The current structural shift centers on the transfer of accountability for AI risk from vendors and regulators to managed service providers (MSPs). Vendors such as Anthropic and Microsoft are expanding their enterprise-focused AI channel programs and services tracks, while regulators pull back from enforcement, leaving MSPs as the de facto accountable parties for AI deployments. Reports and data indicate that vendor-driven channel expansion and regulatory laxity are converging to make service providers the liable layer in AI delivery.
Anthropic is broadening its CLAUDE partner network from around 100 to several thousand partners, organized in tiers with outcome-based incentives and a dedicated services track targeting MSPs and system integrators. Microsoft, responding to low Copilot adoption rates (reported at 3.3% of eligible users), is allowing full removal of Copilot from systems. An IDC/Expereo survey of 800 companies found 70% are budgeting for AI, but investment is driven more by competitive anxiety than proven results. Additionally, a concentrated group—top 5% of users—accounts for the bulk of enterprise AI-related risk, according to a separate analysis.

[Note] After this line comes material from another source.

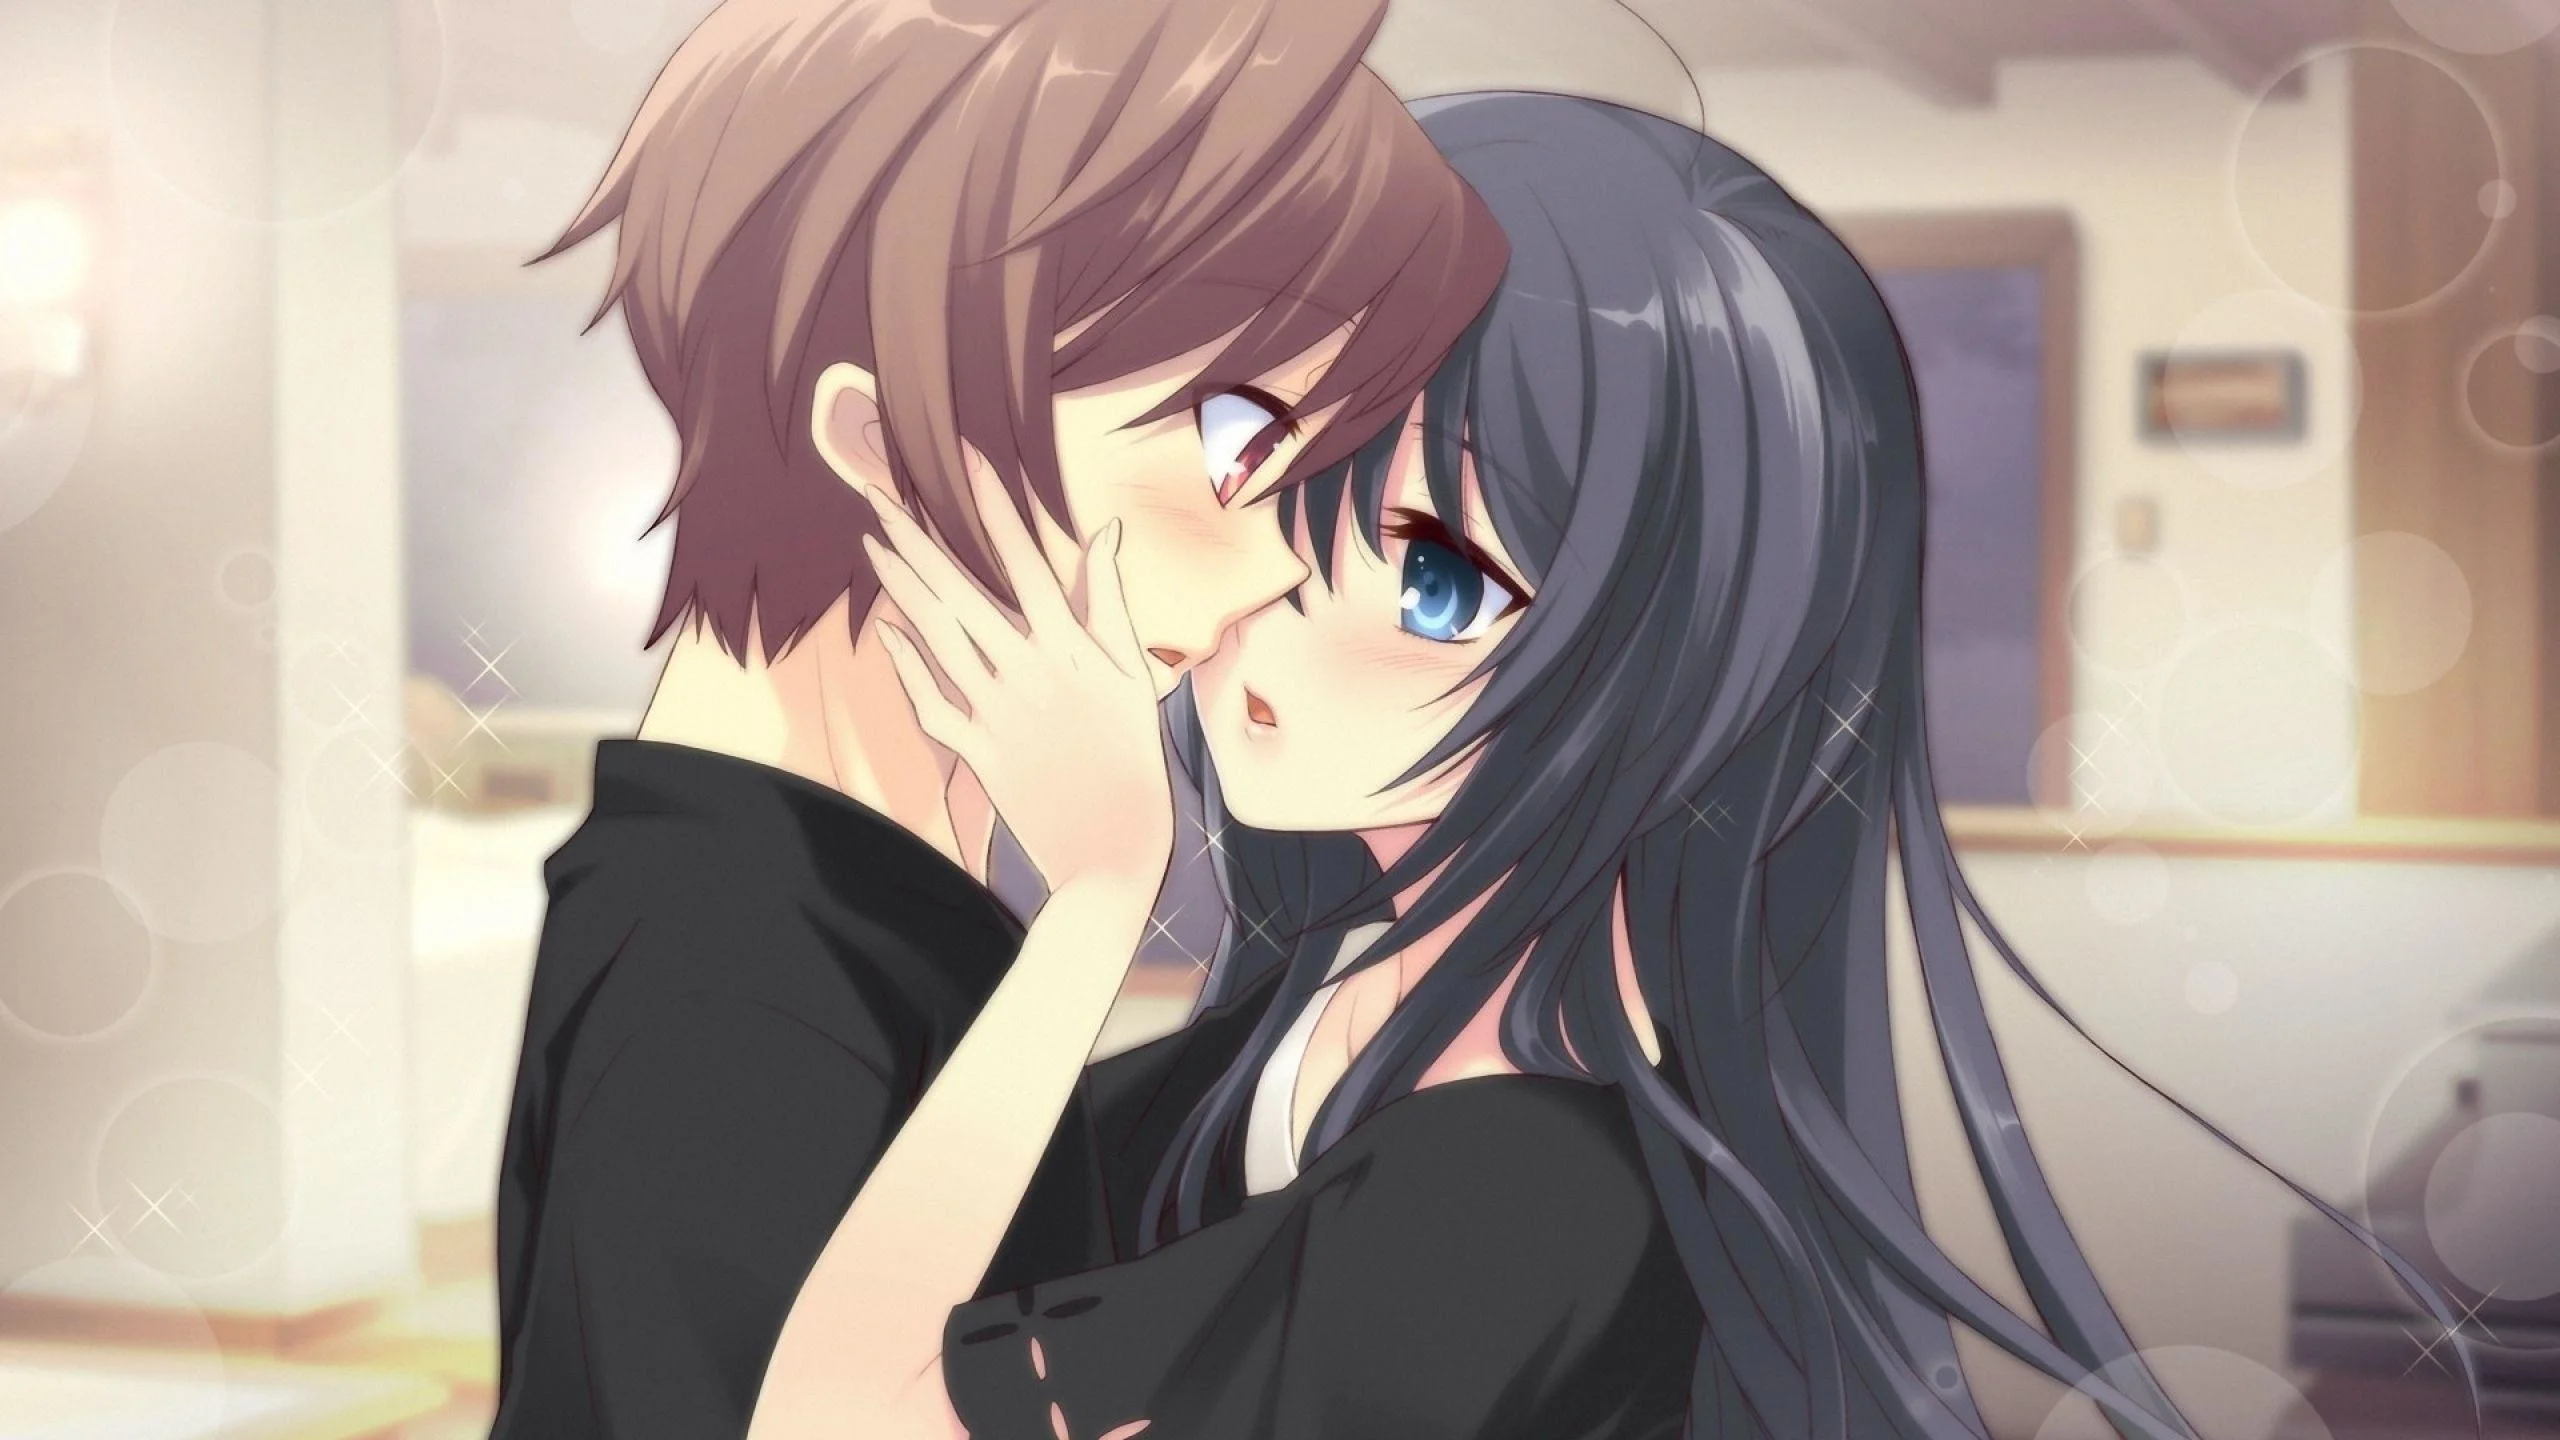 Cute Anime Couple Wallpaper Download Wallpapers

Supporting developments include the emergence of Lemhi, an early-stage platform aimed at enabling MSPs to package and sell AI transformation as a recurring service, and warnings from lawmakers about cuts to CISA that undermine federal cyber defense capacity. The episode also highlights a consistent theme: government agencies such as the White House and NIST are shifting toward voluntary measures and measurement frameworks, declining to create enforceable accountability standards for AI in production environments.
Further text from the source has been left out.